Maria Amélia Mano
Fecho
os olhos quando sinto vento, não porque me atrapalhe mas porque de olhos
fechados enxergo melhor. Faço queda de pálpebra que é persiana, pausa de dia de
sol, descanso de luar, noite forçada. E sou devaneio, di-vagueio em pensamentos
soltos que tento unir em tempos de ontem, hoje e amanhã.
Passado.
No escuro, em janeiro, falavam de Omolu e pestes. Plutão inquieto, subterrâneo,
banido da astronomia, desafiando Saturno, anunciando fim de fronteiras e
limites. Prostituta de Rondônia viajou com caminhoneiro pra Porto Alegre.

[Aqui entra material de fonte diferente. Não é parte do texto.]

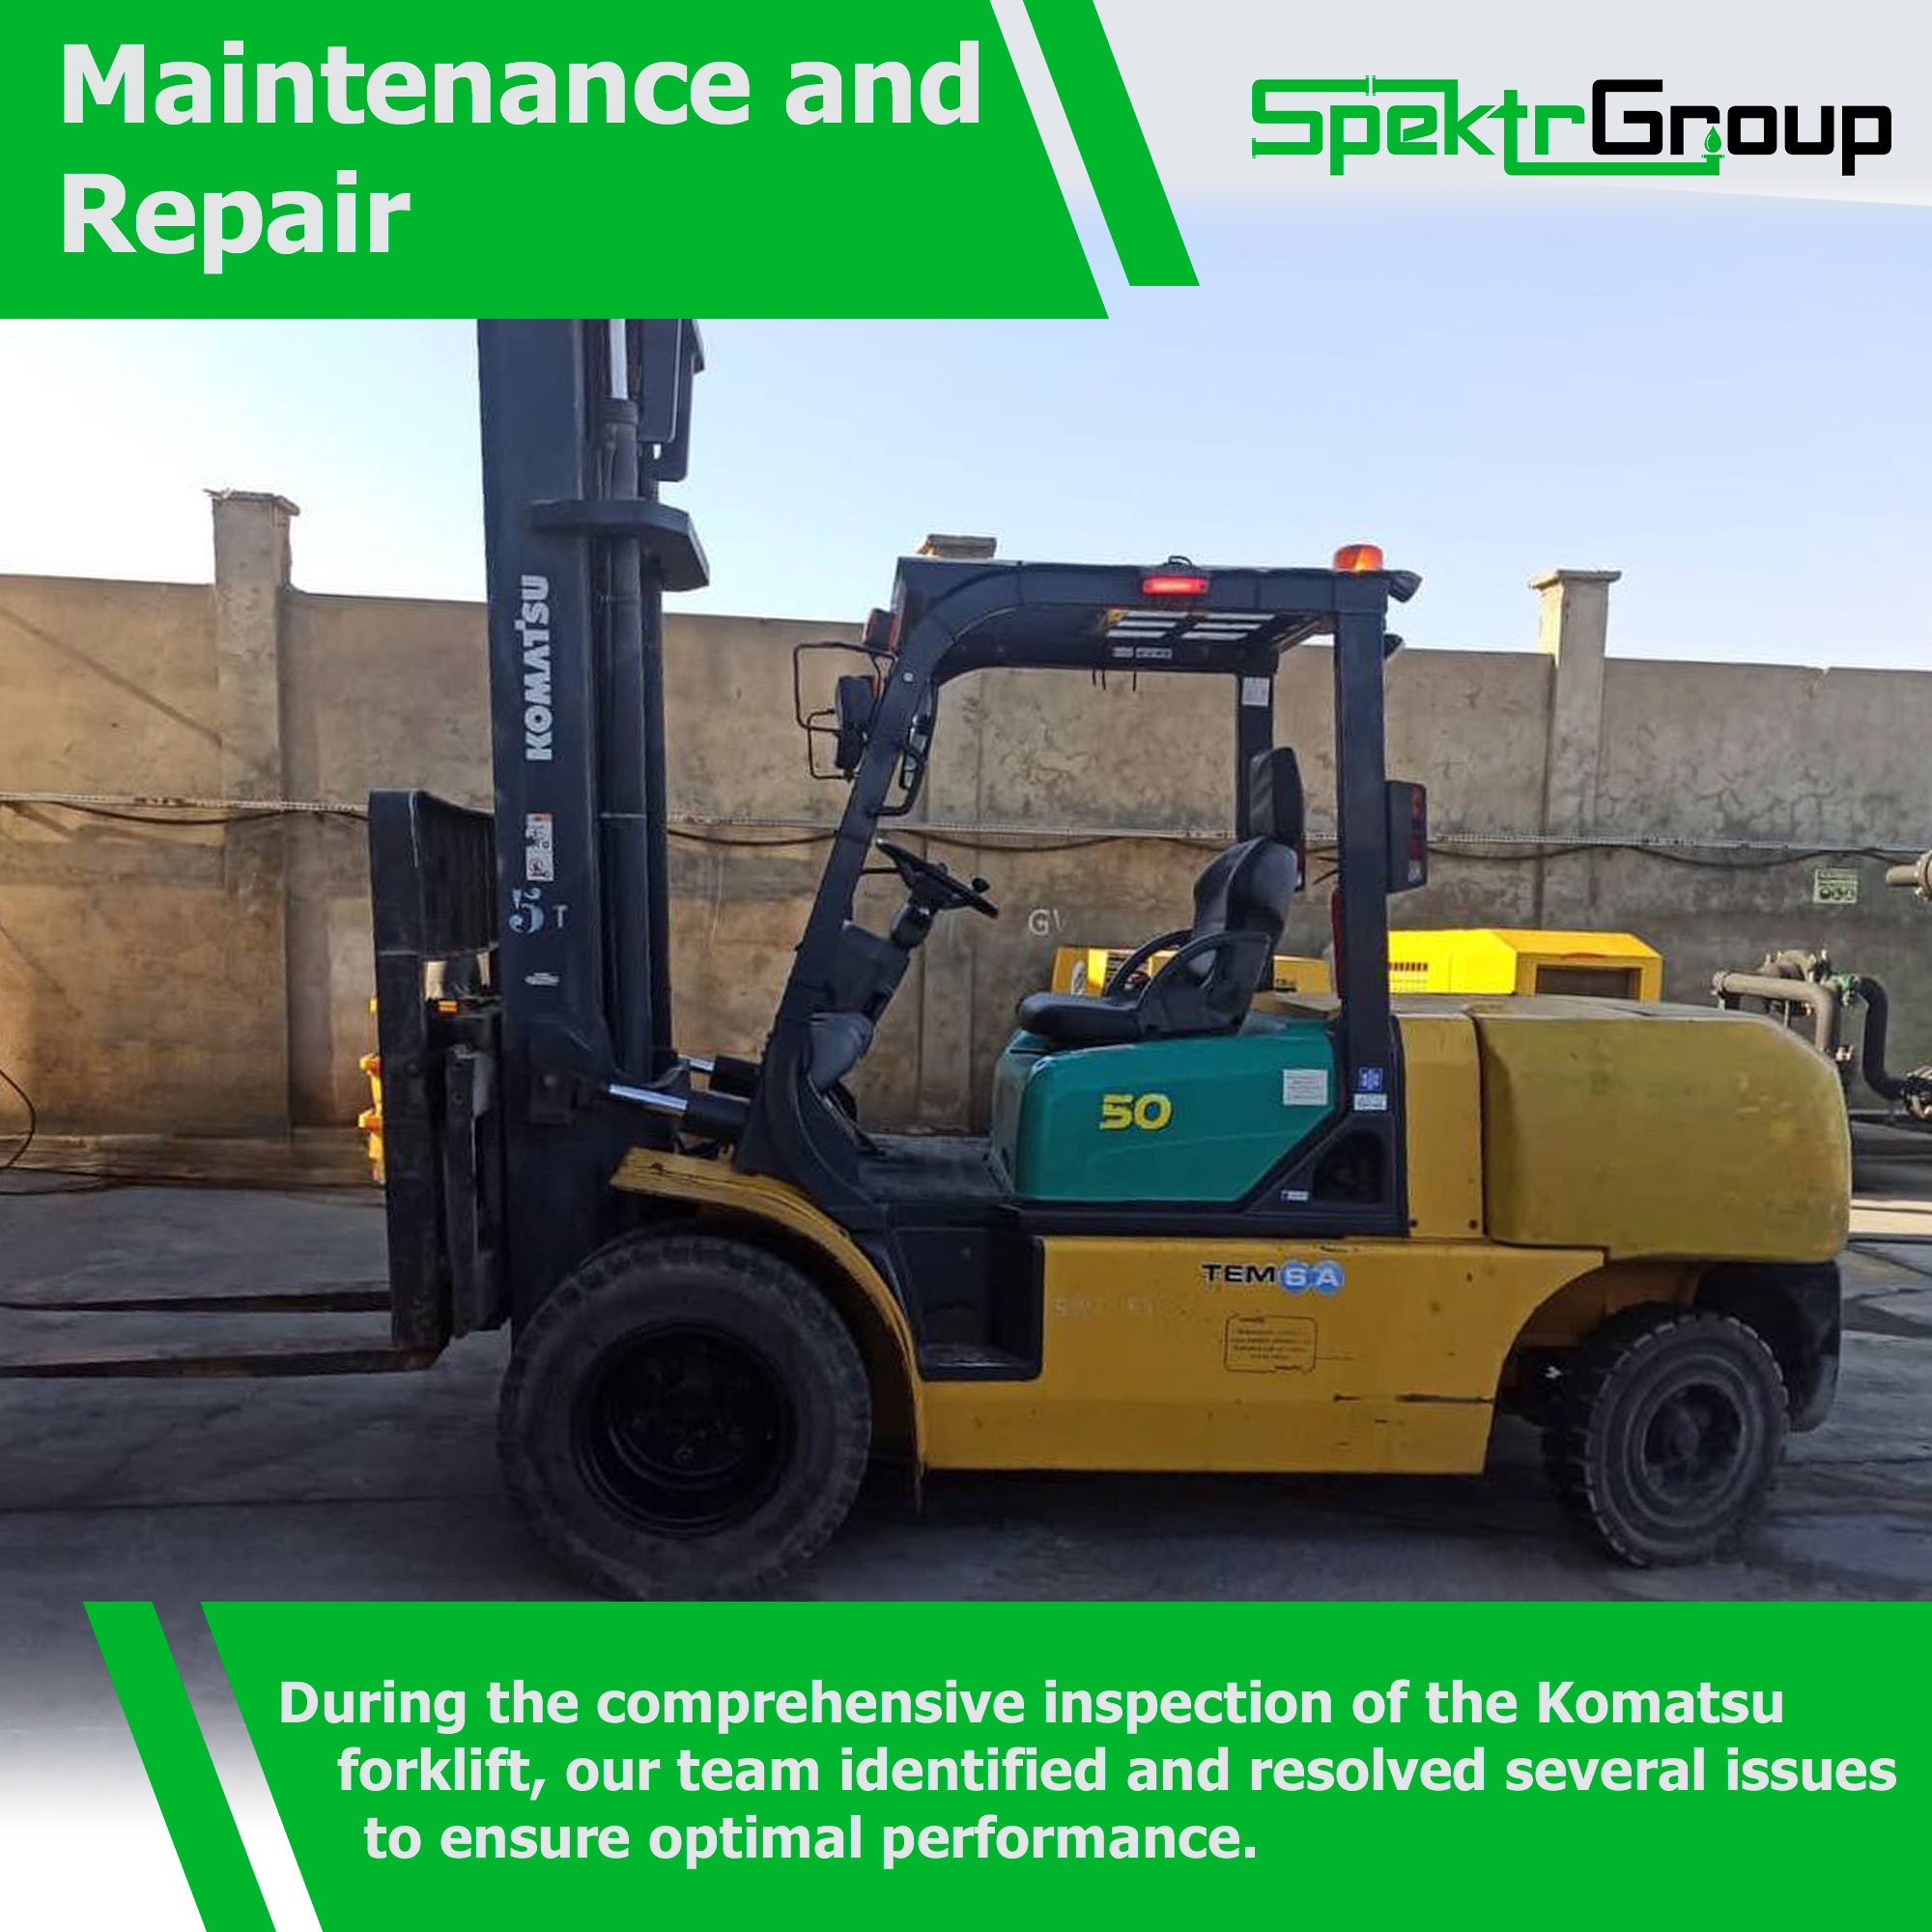 You are currently viewing Maintenance and Repair of Komatsu Forklift

Pedaço de RNA de mercado da China atingiu aldeia Ianomâmi na Amazônia. Me
assombro com tudo tão longe e tão perto.
Presente.
No escuro, valorizo o simples que inspira e respira. O cachorrinho que passeia,
malhado, amarelo e branco, com um mapa secreto no tronco. Todos os seus irmãos
têm um mapa diferente. De vez em quando, no campo, mundos se encontram, se
lambem, se trocam pulgas. E, depois, saem cachorreando livres e seguindo suas
sinas.
Futuro.
No escuro, arremesso minha esperança para sul e norte e para daqui dois, três
meses. Quando sonho que vou sossegar alma e coração afagando as mãos dos meus.

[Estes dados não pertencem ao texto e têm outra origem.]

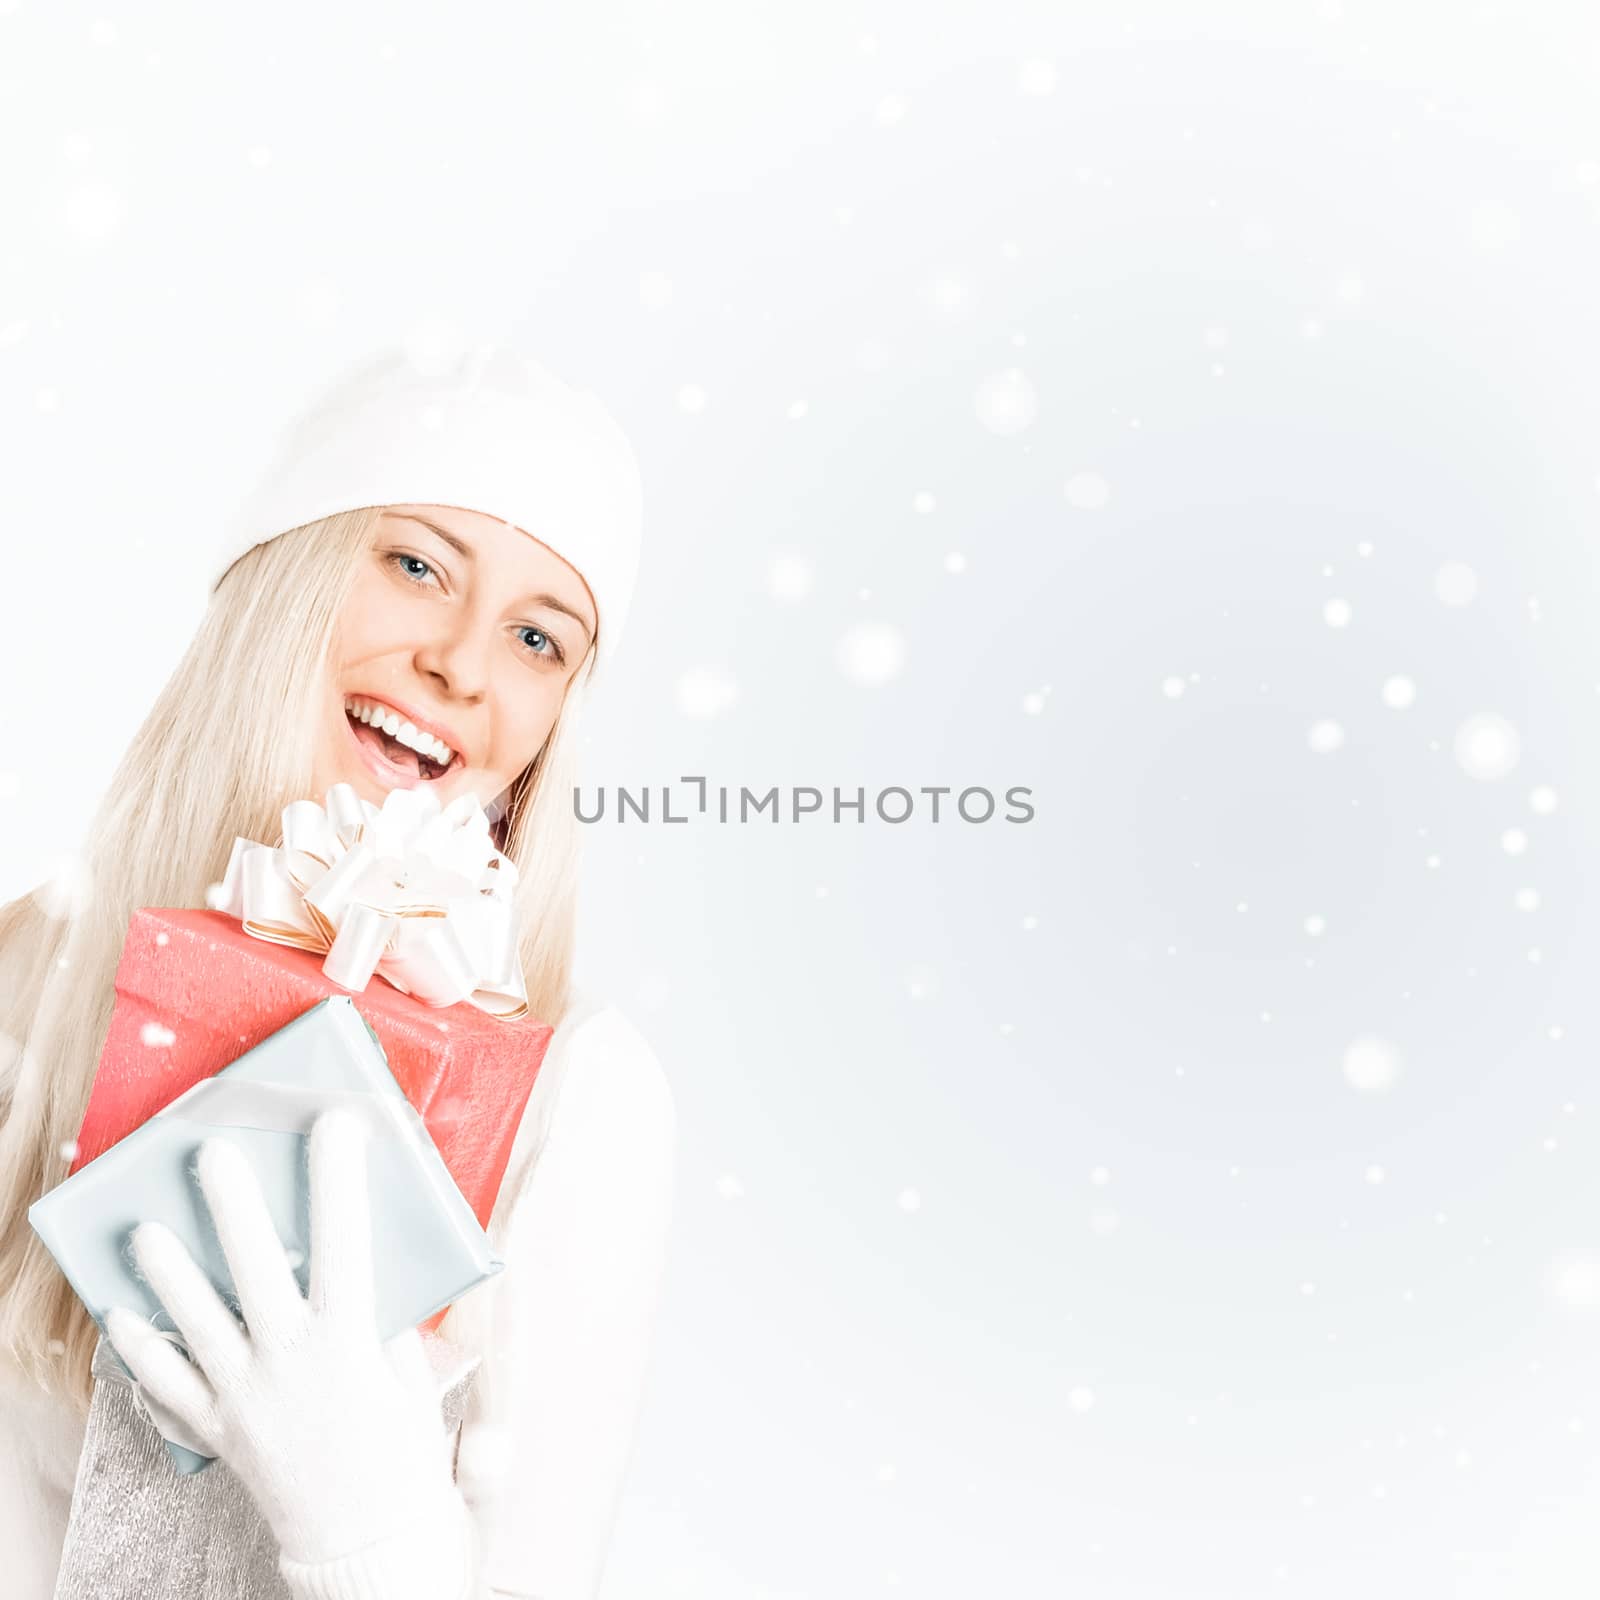 Happy woman holding Christmas gifts, silver background and snow glitter with copyspace, shopping and holidays

E os desenhos que invento dos rostos, dos sorrisos, dos olhinhos vivos de
todos, pra me aquietar, pra diminuir saudades, serão memórias lindas desse
tempo de distâncias.
Abro
os olhos quando sinto vento, não porque sempre precise enxergar melhor pra além
de mim. Mas porque também preciso viver essa claridade que ofusca. E, ainda
assim, ser devaneio, di-vagueio em pensamentos soltos que nem sempre consigo
unir por tempos de ontem, hoje e amanhã. Apenas sinto. Muito.